The genus Pythium is biologically and ecologically diverse. Although approximately 250 Pythium species have been described, only half that number has been recognized as valid descriptions [24]. Pythium species have been divided into 11 phylogenetic clades based on rDNA ITS and other sequence data [3]. Most are soil inhabitants although some reside in salt water estuaries and other aquatic environments. Most Pythium species are saprophytic or facultative plant pathogens [4]. They are among the most important plant pathogens and cause a variety of diseases including seed rots and damping-off, root, stem and fruit rots, foliar blights and postharvest decay [58]. A few non-phytopathogenic species show promise as biological control agents [9]. Other Pythium species are parasites of insects [10] and fish [4] and at least one species (P. insidiosum) can infect animals and causes skin and bone lesions in pigs, dogs, and humans [11].

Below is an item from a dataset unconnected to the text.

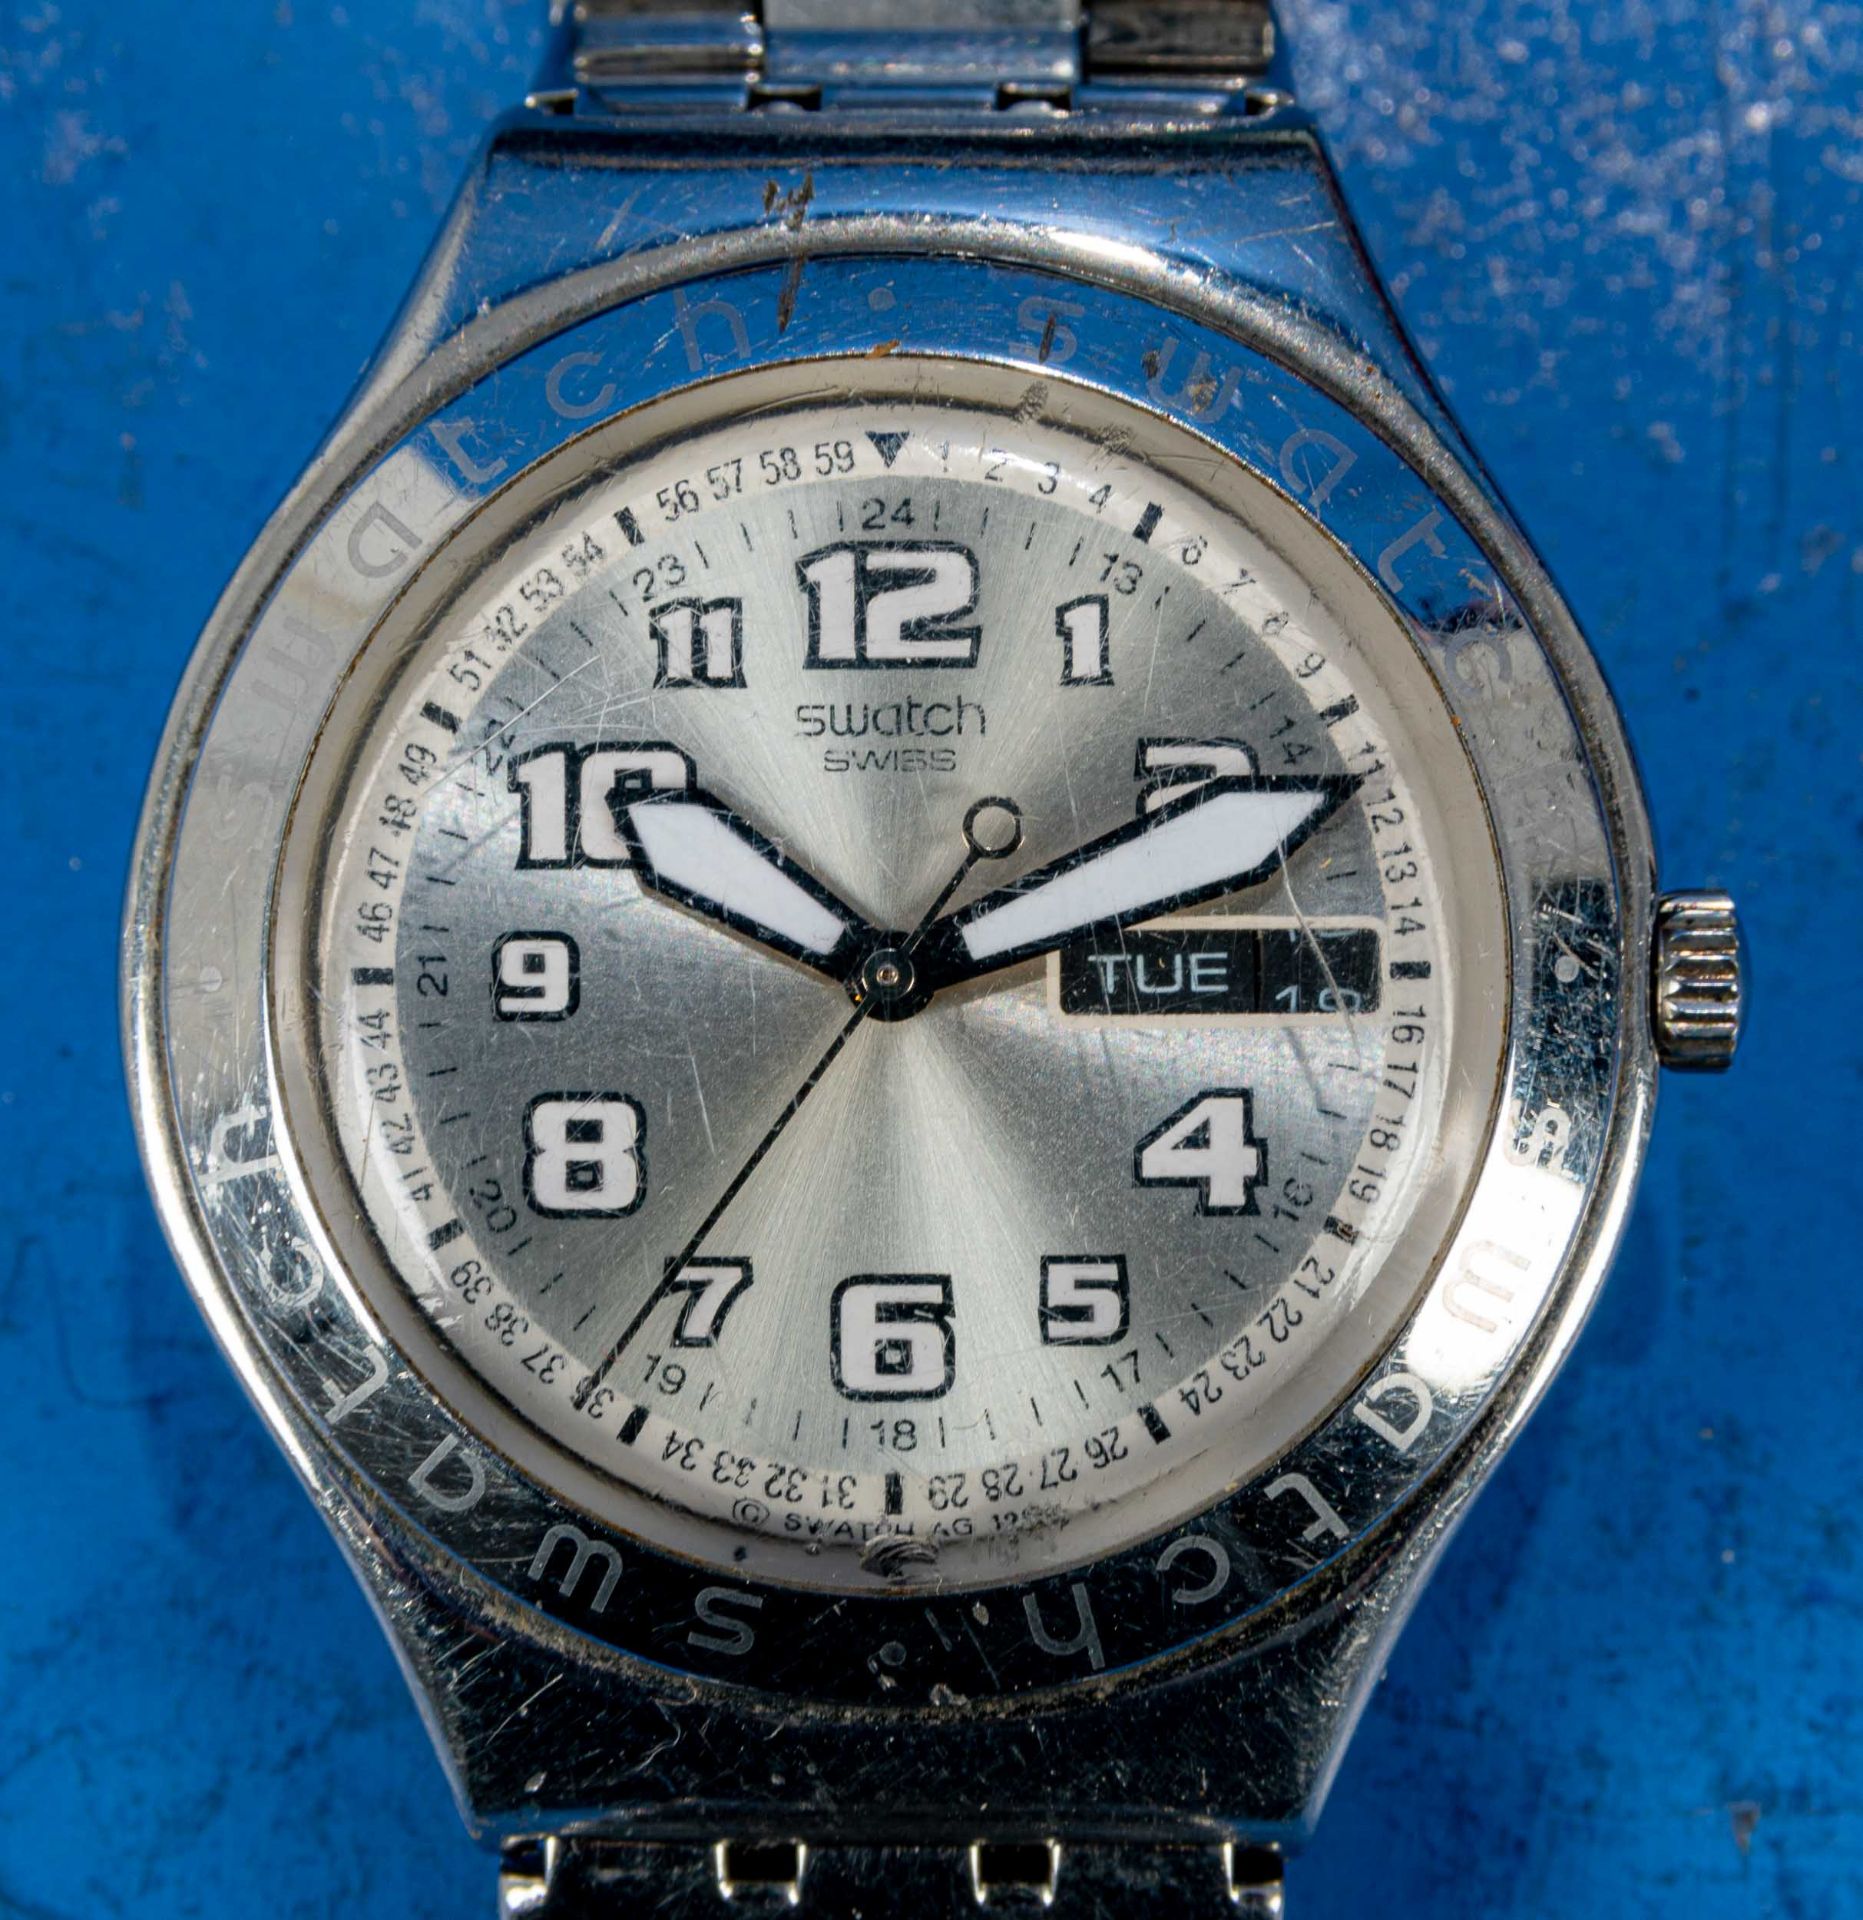 7teilige Uhrensammlung, u. a. der Marke Swatch; versch. Alter, Größen, Materialien, Hersteller, Wer - Image 8 of 8

Pythium ultimum is a cosmopolitan plant pathogen with a broad host range. It is one of the most pathogenic Pythium species on corn, soybean, wheat, ornamentals, and many other crops [9]. It is homothallic, and in most cases, self fertile, although some outcrossing may occur [12]. P. ultimum is actually a species complex with three main morphological types. P. ultimum var. ultimum, the most common type, produces oospores but very rarely sporangia and zoospores, and then only at cool temperatures [4]. It is part of a large uniform clade based on rDNA ITS sequence comparisons which includes the neotype strain [3] as well as the isolate used to generate the Expressed Sequence Tags (ESTs) in this study. P. ultimum var. sporangiiferum produces oospores and sporangia at room temperature [4]. In Barr et al. [13], the four P. ultimum var. sporangiiferum isolates formed a unique genotype (U6) based on isozyme analysis whereas in Francis et al. [12] the two isolates of this variety were in two distinct genotypes, one belonging to the most common genotype of P. ultimum var. ultimum strains. It is unclear at this point whether or not the more infrequent but unique genotypes of P. ultimum such as the genotype U6 should be split into different species, reducing the observed genetic diversity within this species. Having more information on Single Nucleotide Polymorphisms would help to delineate gene flow and species boundaries in this ubiquitous species complex. Isolates in the third morphological type do not produce oospores in culture but can be identified based on other morphological characteristics, molecular studies, and the fact that they can be crossed with oospore producing strains of P. ultimum [3, 1214].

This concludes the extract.